> _Problem details_
With the pictures removed, write out the full listing below exactly.

> _Given information_
_ _ _ _ _ _ _
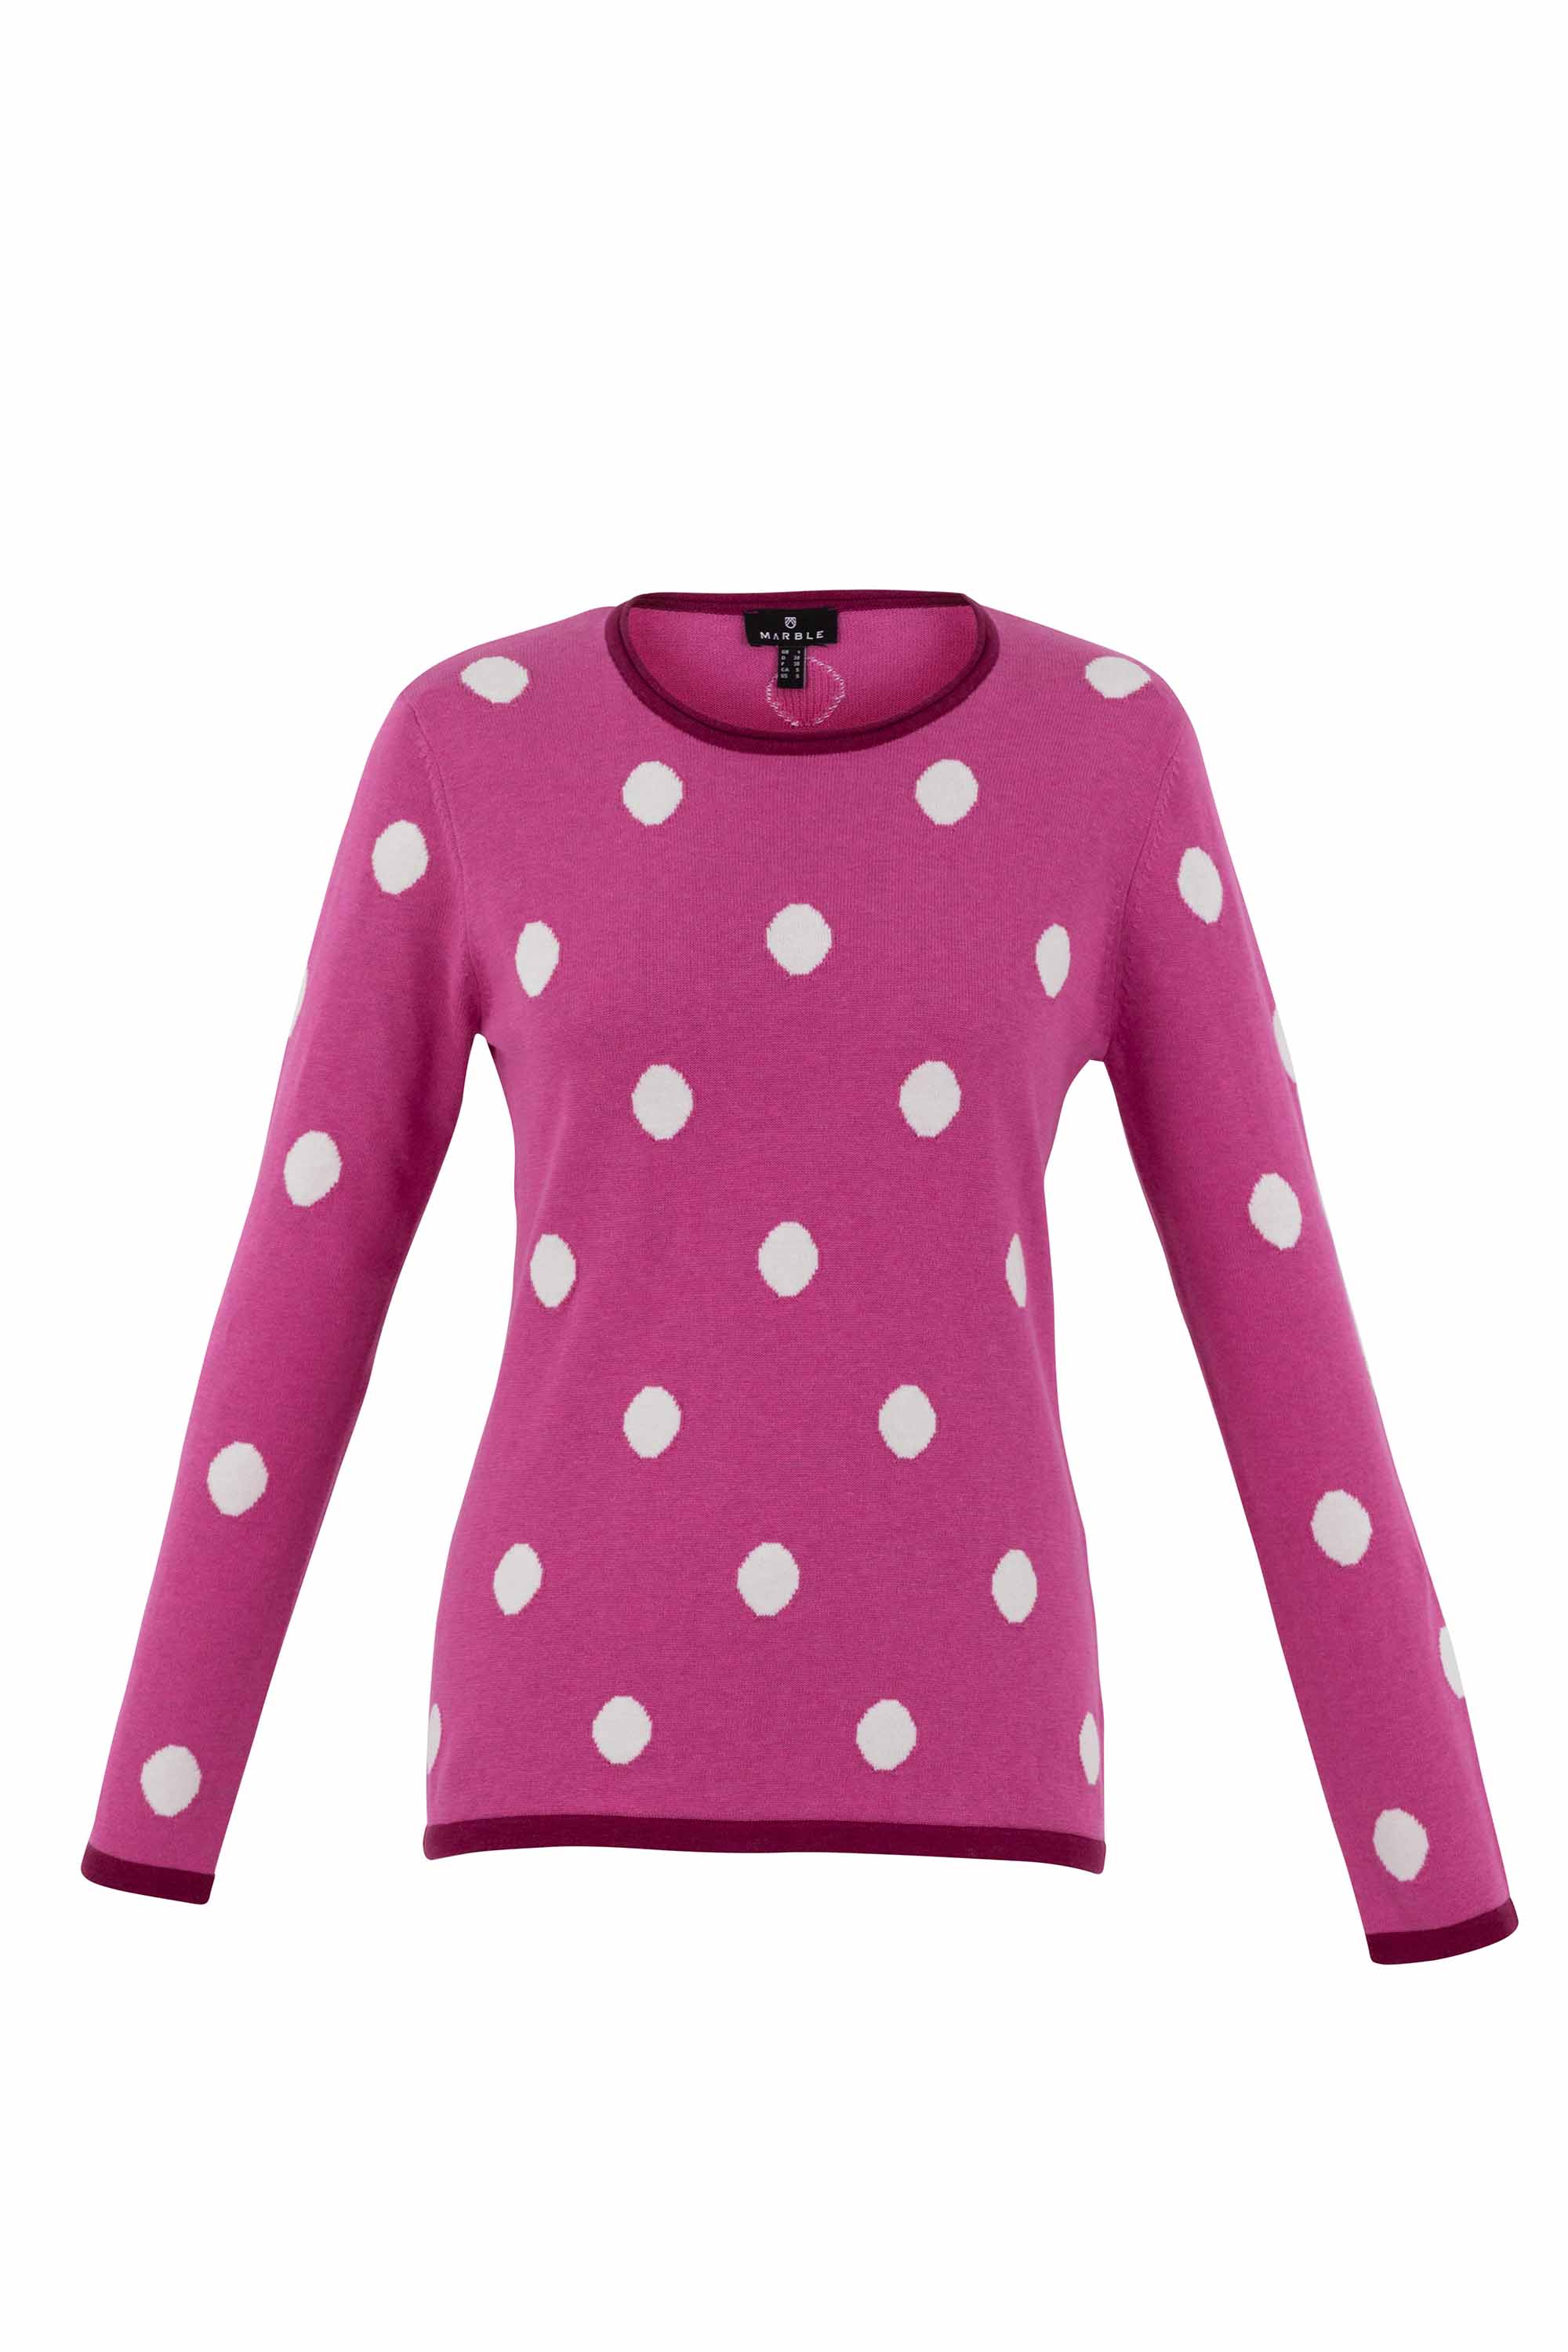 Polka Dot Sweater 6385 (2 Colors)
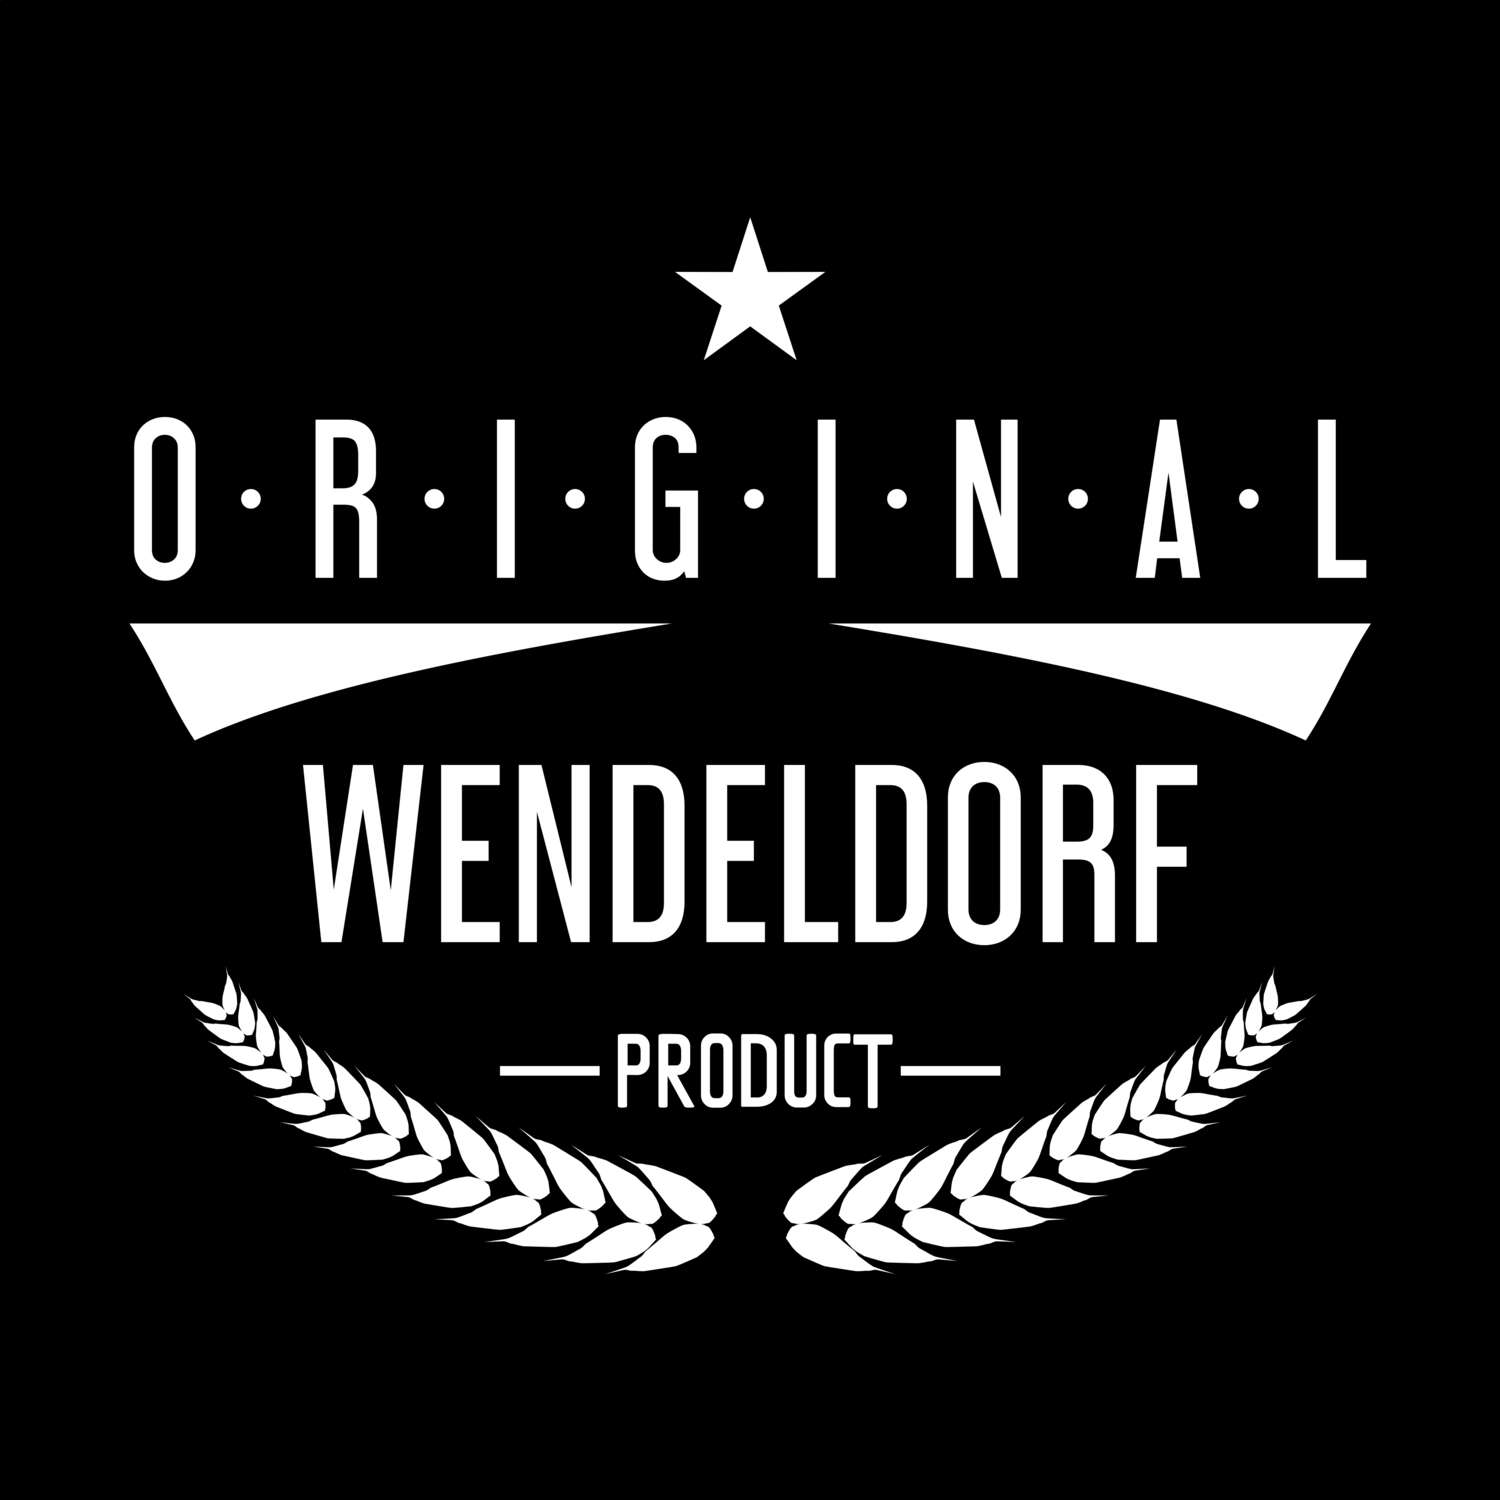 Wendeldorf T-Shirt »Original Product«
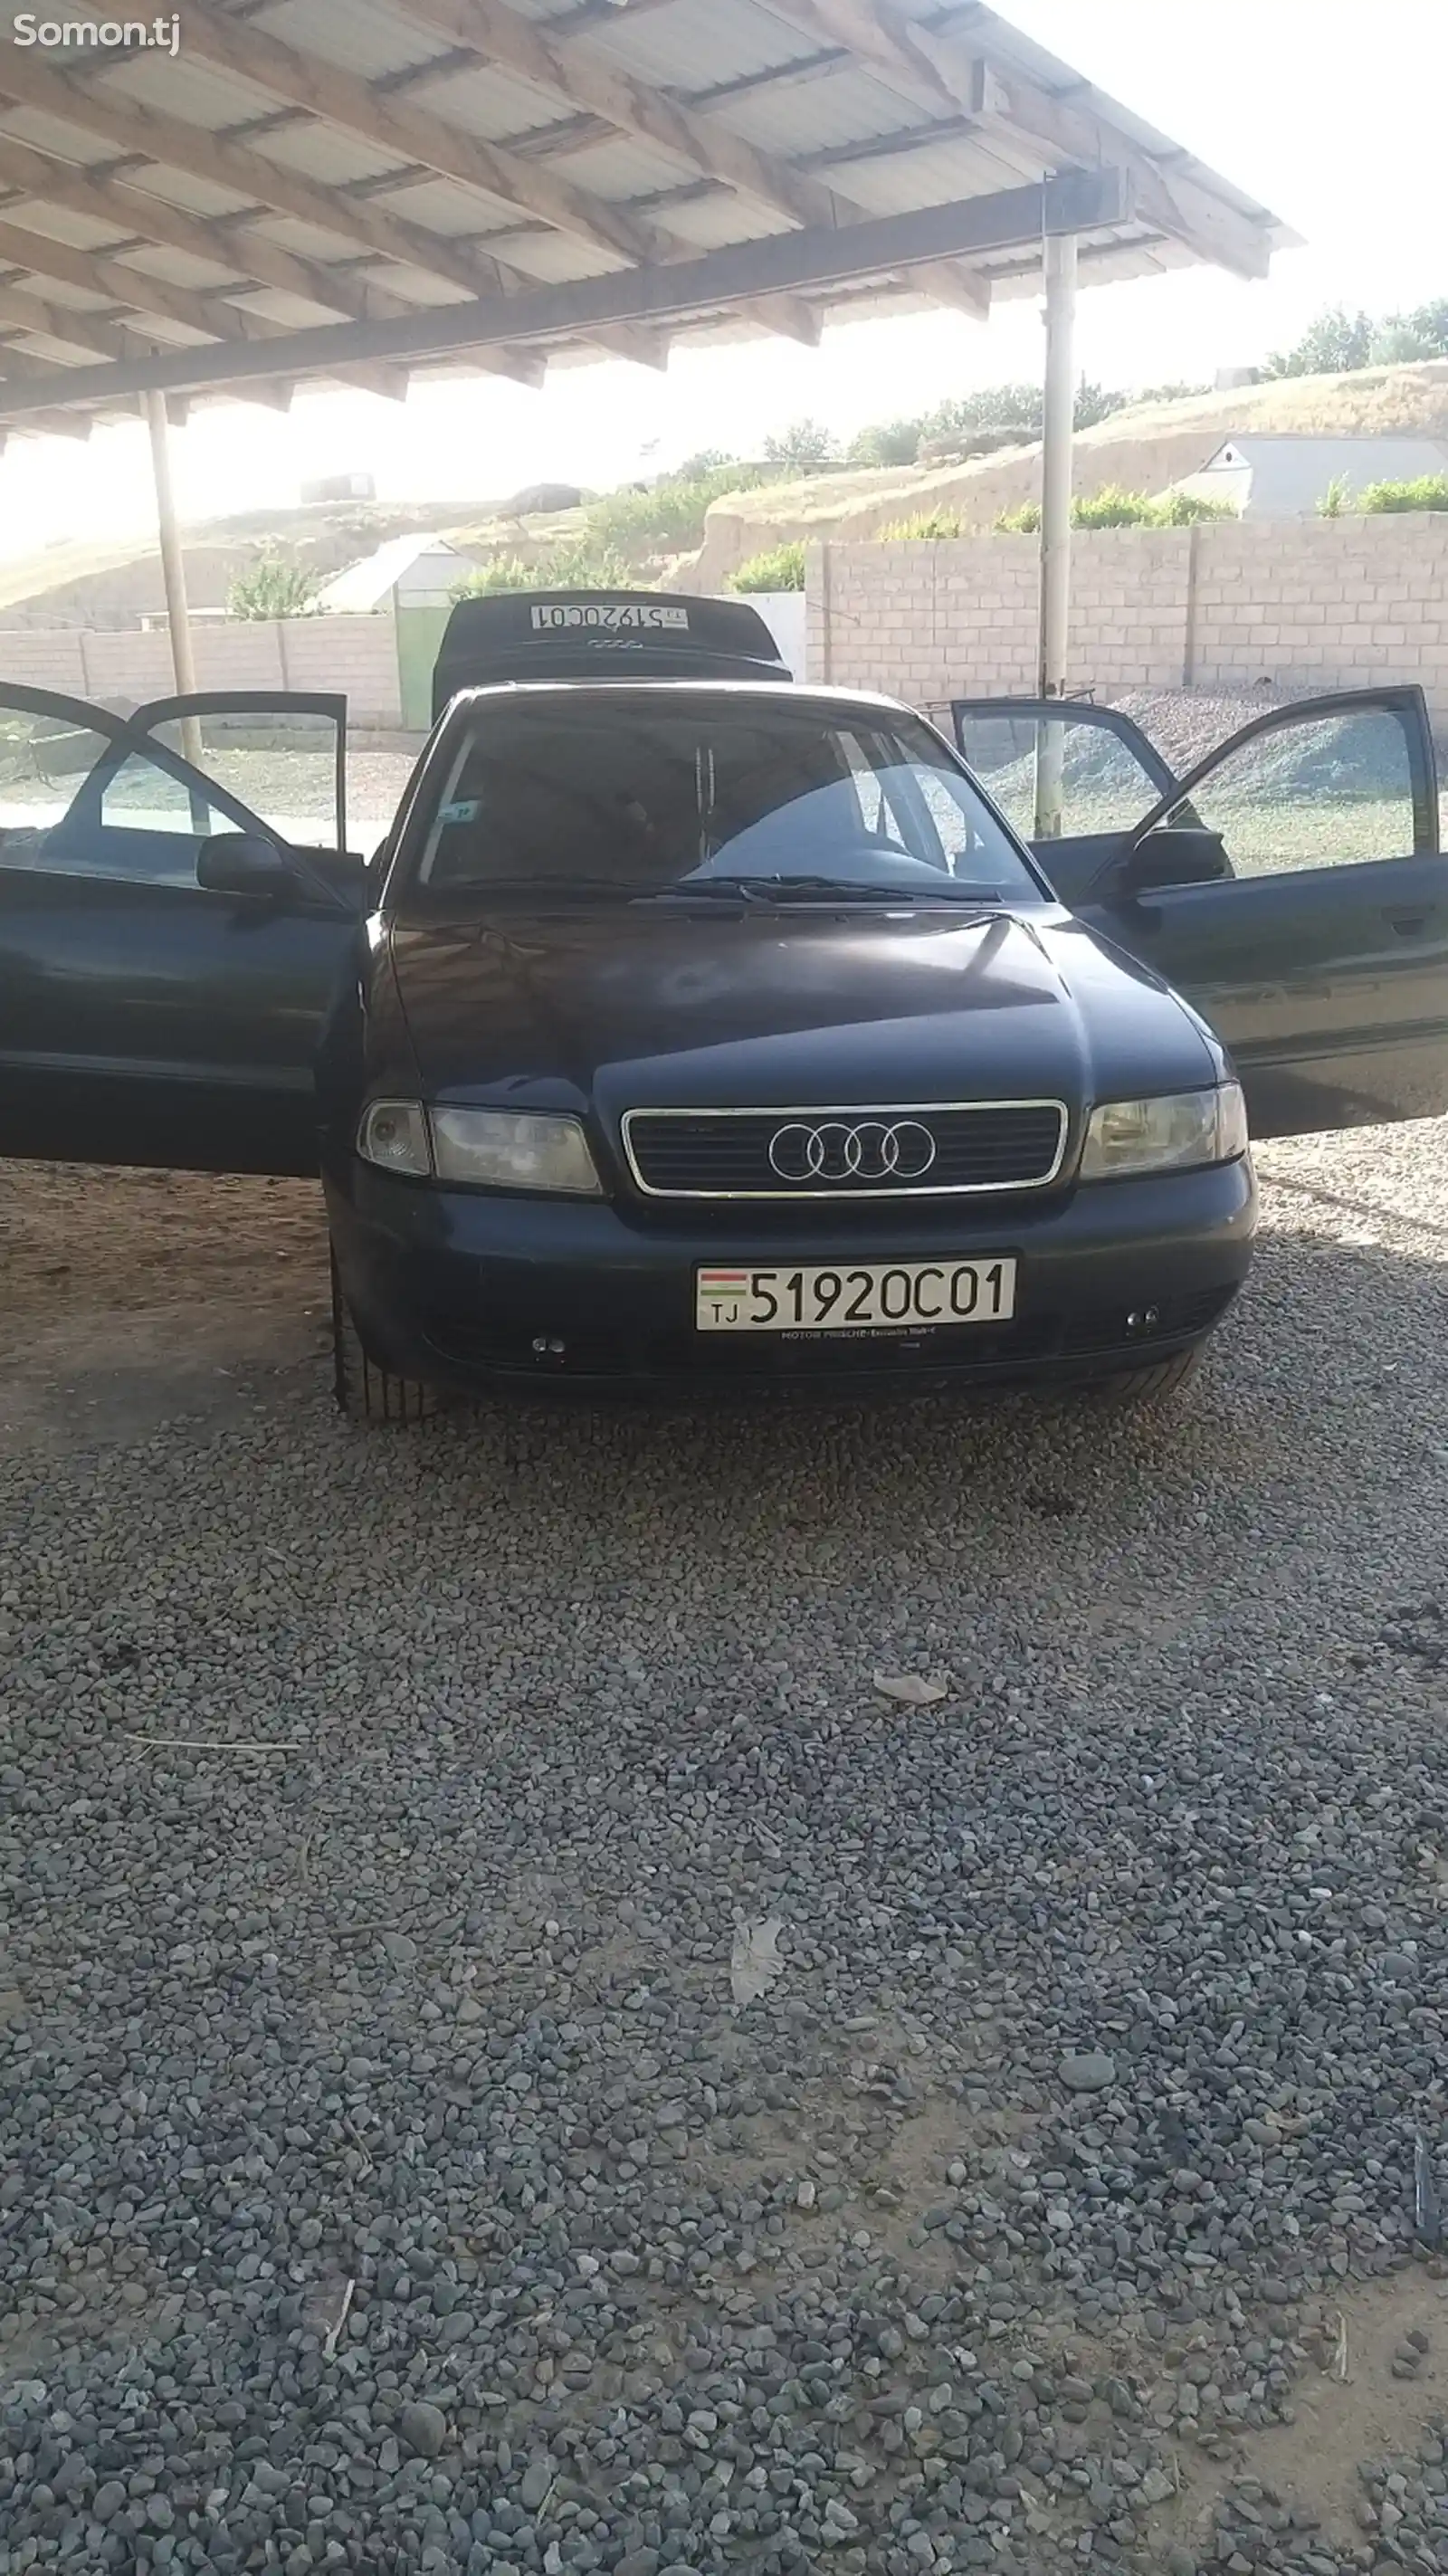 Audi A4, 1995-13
_ _ _ _ _ _ _
> _Result for this task_
 Polka Dot Sweater 6385 (2 Colors)
 Wendeldorf T-Shirt »Original Product«
 Audi A4, 1995-13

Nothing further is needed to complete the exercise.